The researchers identified 19 different bacterial phyla on all of the surfaces sampled.  The majority of sequences (approximately 92%) could be placed within four phyla, including the Actinobacteria, Bacteriodetes, Firmicutes, and Proteobacteria.  Human-associated bacteria were found strongly associated with restroom surfaces, which is not surprising for indoor environments.

Bacterial communities could be categorized by the surfaces they inhabited.  On toilets, gut-associated bacteria were the dominant group.  Skin-associated bacteria were – not surprisingly – found on surfaces touched by hands, such as door handles.  The restroom floor held the greatest diversity of bacteria – some of which were found in low abundance – as these surfaces contained soil associated, as well as human associated, bacteria.  Quite interestingly, the researchers found that some of the toilet flush handles contained soil associated bacteria, implying that some restroom users flush toilets with their feet to avoid directly touching the handles.

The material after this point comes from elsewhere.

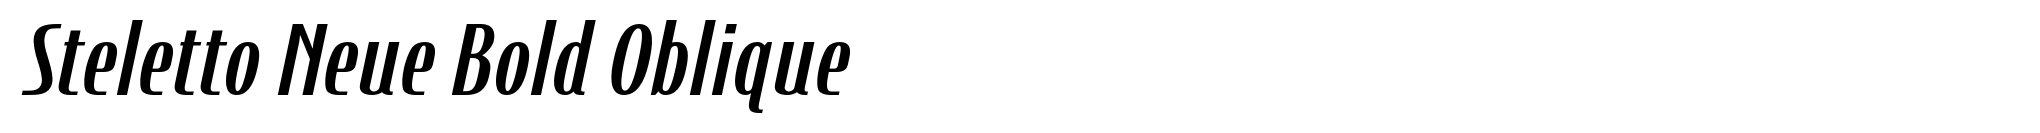 Steletto Neue Bold Oblique image
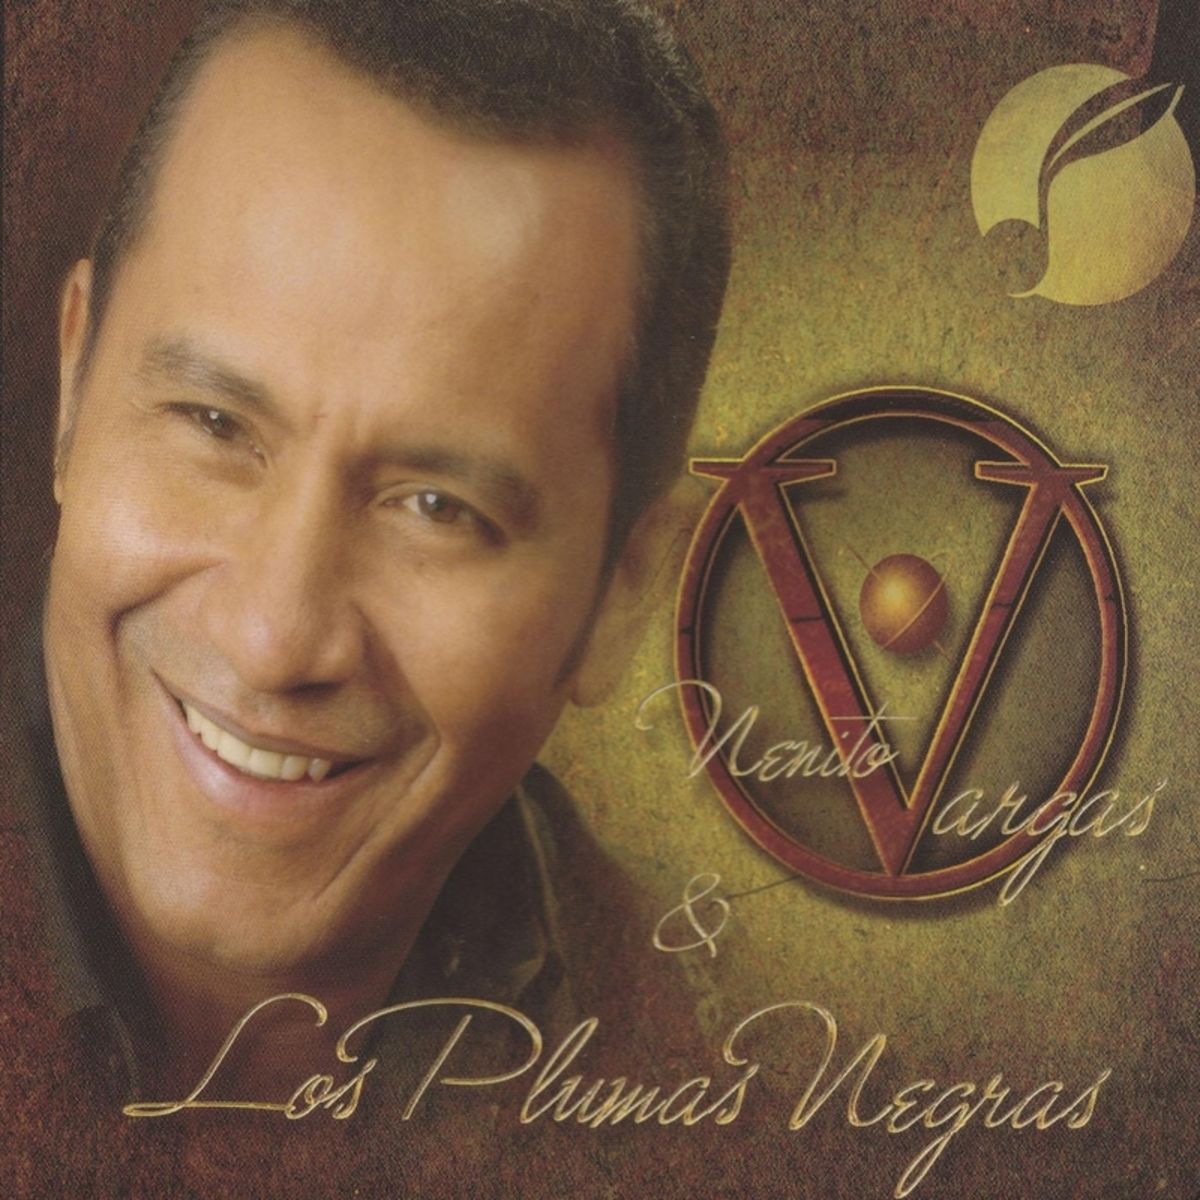 1 - Nenito Vargas y los Plumas Negras - Eres Lo Que Yo Mas Quiero.mp3

There were no statistically significant differences between bacterial communities found in female and male restrooms, although the relative abundances of some bacterial groups were gender associated.  The bacterial family, Lactobacillaceae, found associated with vaginas, were – not surprisingly – more abundant in and around female restroom toilets than male counterparts.

The authors used the newly developed software package, Source Tracker, to determine the similarity of bathroom surfaces to communities from expected and previously published sources, such as human skin, the human gut, urine, soil, and faucet water.  It was predicted that human skin was the primary source of restroom surface bacteria.  Human gut was a source of bacteria found on and around toilets.  Despite the presence of many typical soil bacterial groups found on restroom floors, soil was not identified as a statistically significant source, probably because soil typically contains a highly diverse taxonomic array of species, many of which are rare.  The authors state that custodial mops and ventilation systems may also have some influence on the floor surfaces but were not directly addressed in this study.

The authors show here that human-associated bacteria are the most common microbes found in public restroom surfaces.  Human influenced source patterns can be determined from the bacterial community structure within the biogeography of restrooms.  This study underscores the importance of hand washing, particularly when using public restrooms, and the techniques used in this paper could be used to track or determine likely pathogenic bacteria found on surfaces during incidents of infectious outbreaks.